Go through the records and set each one down exactly, skipping any picture.

======== TASK DATA

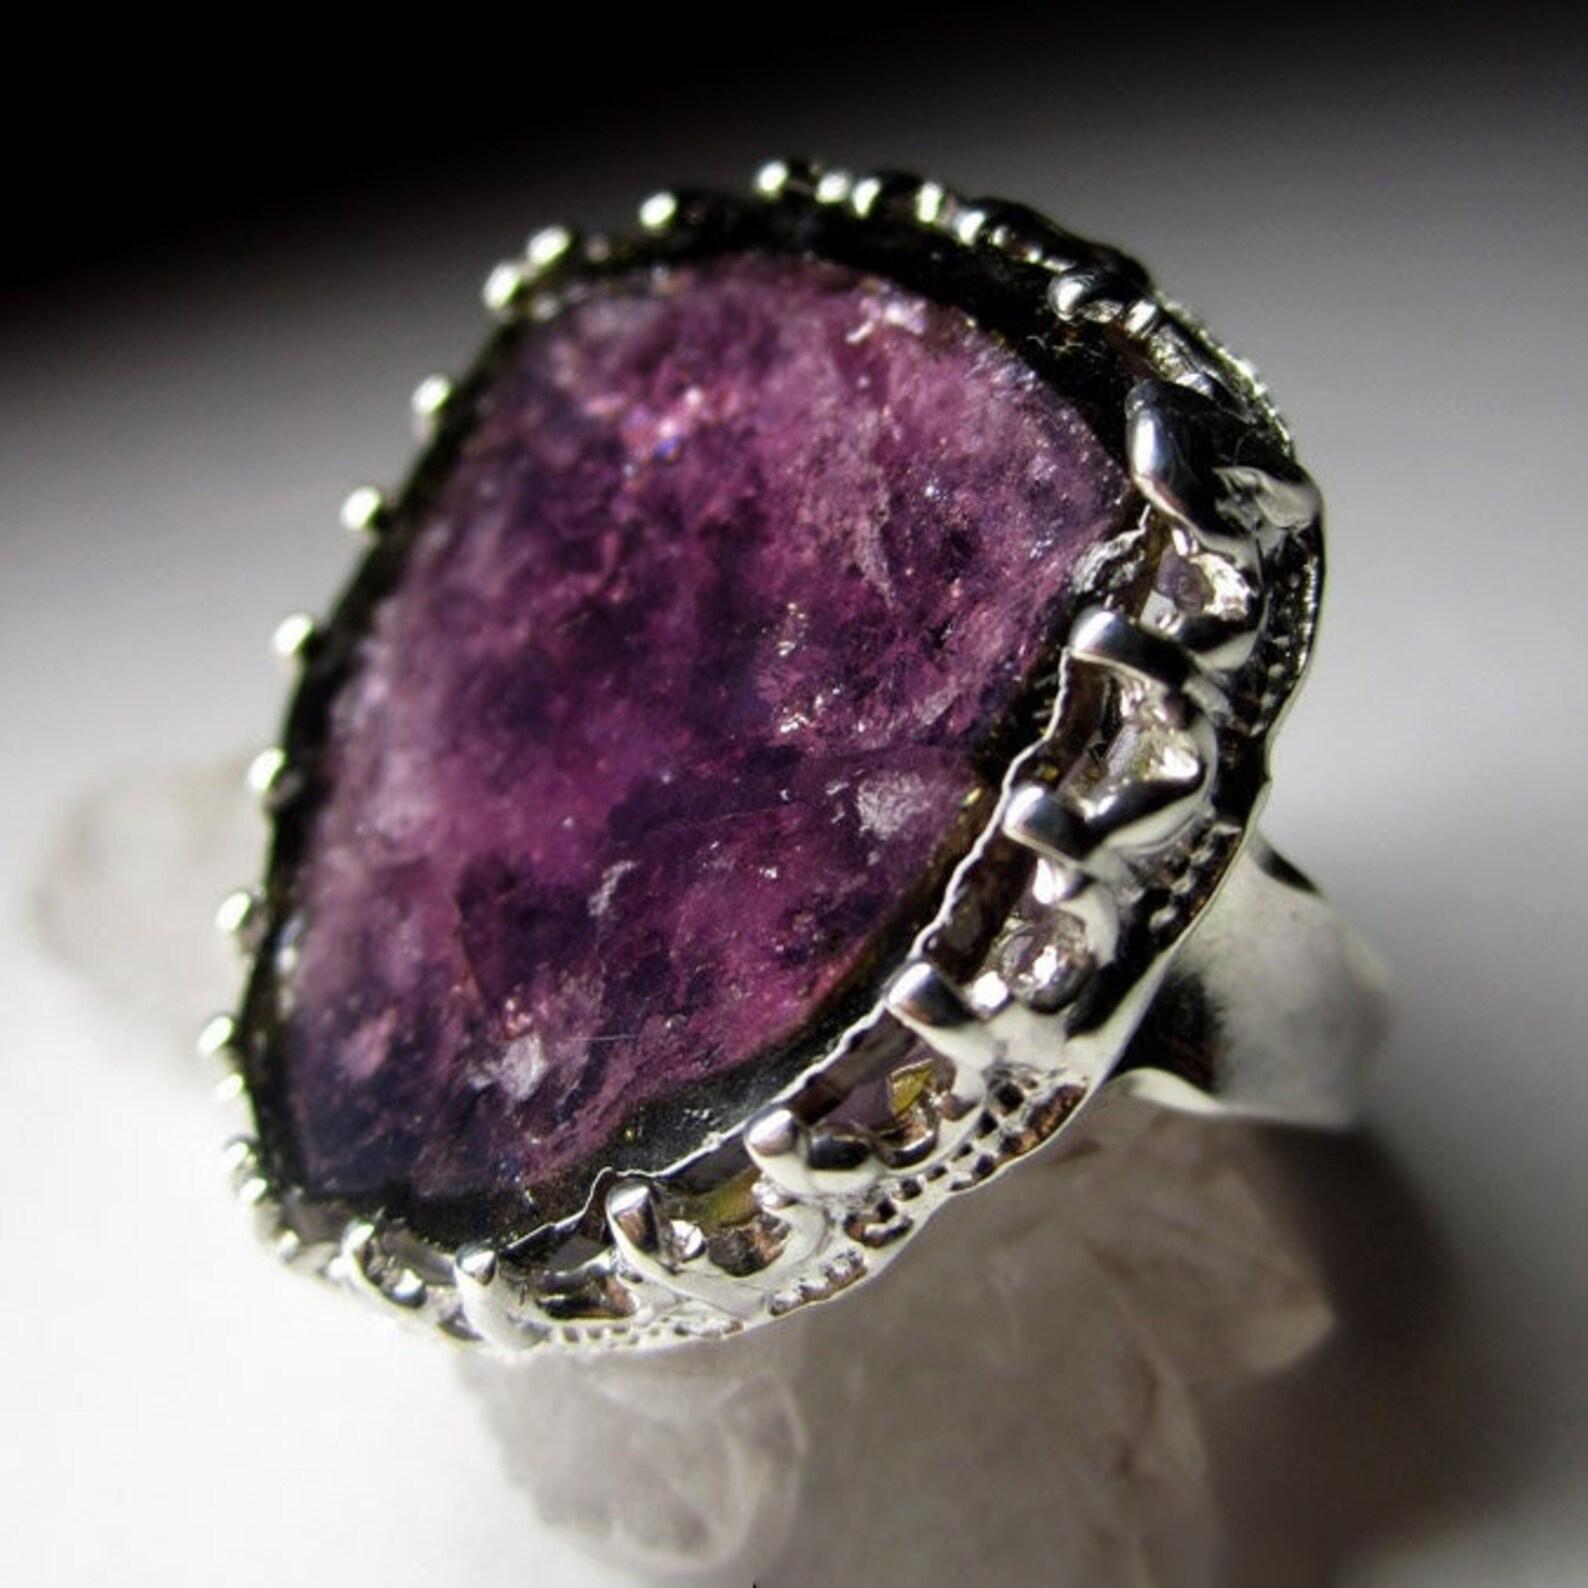 Large silver ring with slice of natural Purple Tourmaline
stone measurements - 0.2 х 0.98 х 1.14 in / 5 х 25 х 29 mm
stone weight - 13.5 carats
ring weight -12.65 grams
ring size - 8.5 US

================

■ EXERCISE ANSWER:
 Large silver ring with slice of natural Purple Tourmaline
stone measurements - 0.2 х 0.98 х 1.14 in / 5 х 25 х 29 mm
stone weight - 13.5 carats
ring weight -12.65 grams
ring size - 8.5 US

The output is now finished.